To be clear, our hesitation about a recall campaign does not stem from a belief that Judge Persky’s decision to give Turner a below-guidelines sentence was correct or that his stated justifications for doing so were sound. Many of us, like you, believe that justice called for a stiffer sentence in his case. But we think humility requires us to recognize that we won’t always be able to distinguish between legitimate and illegitimate exercises of judicial mercy. If you or we claim the power to make that decision, how can we credibly deny it to anyone else? If we demand that Judge Persky immediately hand over his gavel for acting on his empathy for this defendant, how we can we credibly assure any other judge that her hand need not waver when the human circumstances of a case seem to call for compassion?

This is not an abstract concern: many of us count our work with Stanford’s Three Strikes Project as one of the most powerful experiences we had at SLS. Through the project, we represented clients serving life sentences for non-violent felonies as they petitioned for early release under Propositions 36 and 47 — transformative ballot measures championed by your Stanford colleagues, which have begun to roll back the worst excesses of California’s punitive sentencing laws. In that role, we had to ask county judges like Aaron Persky to grant early release to men and women serving life in prison because the people of California once believed that our clients’ mistakes made them irredeemable. Even when an inmate has made great strides in prison, and even though statistics show that people resentenced under Propositions 36 and 47 pose little danger of recidivism, granting that second chance is a delicate decision that requires courage on the part of judges: they have to bear the risk, however remote, that the petitioner will abuse that mercy in ways that provoke public backlash against their decision.

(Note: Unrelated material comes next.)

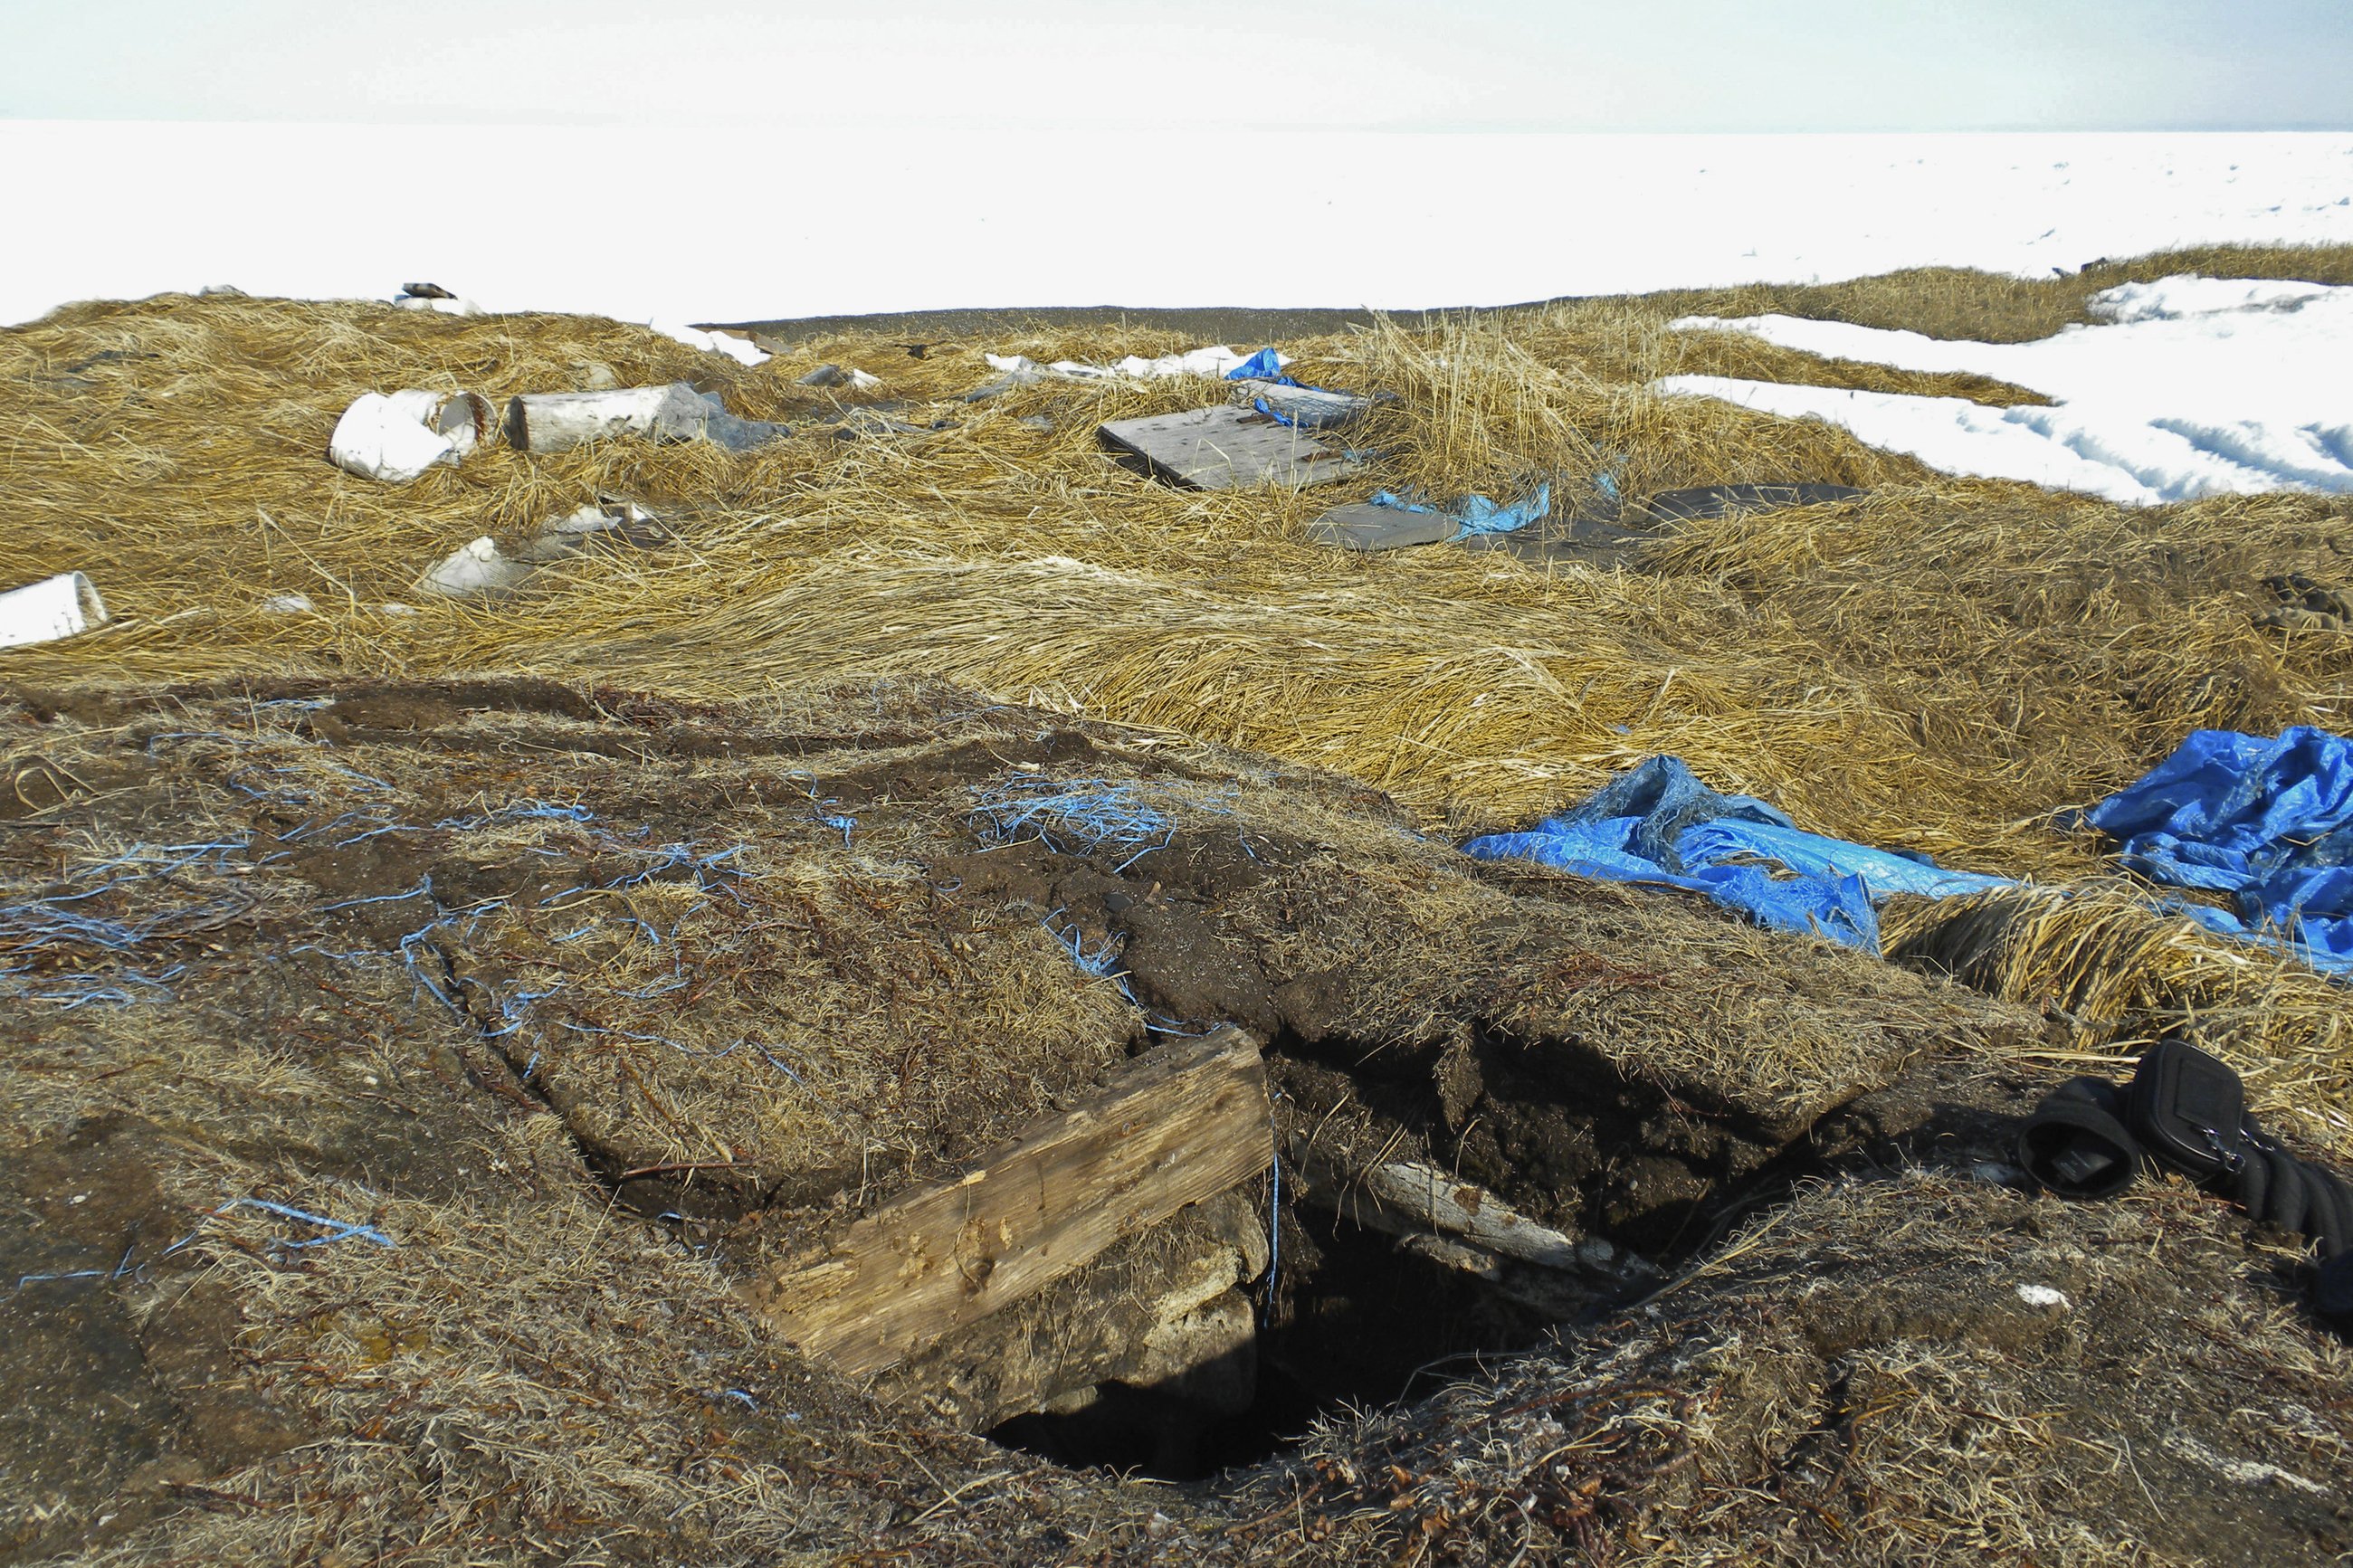 Alaska Native ice cellars failing amid environmental changes - The Associated Press

We believe it would send a powerful message to these judges and others making similar decisions around the country if, while continuing to critique Judge Persky’s sentencing decisions and calling for a different approach in future cases, you abstained from your effort to recall him from the bench and instead focused on other avenues of response and reform. These might include educating future judges and jurors about the realities of sexual assault, or pressing for systemic changes in how these cases are handled. We simply ask that you withhold your support for a recall campaign that would set a dangerous precedent against the exercise of merciful discretion in our criminal justice system.

Sincerely,

Akiva Freidlin, Emi Young, Ginny Halden, Jeannie Lieder, Madeleine McKenna, Michael Skocpol, Nick Rosellini, and Vina Seelam (Drafters)

 

(This letter was also signed by 48 other members of the graduating class.)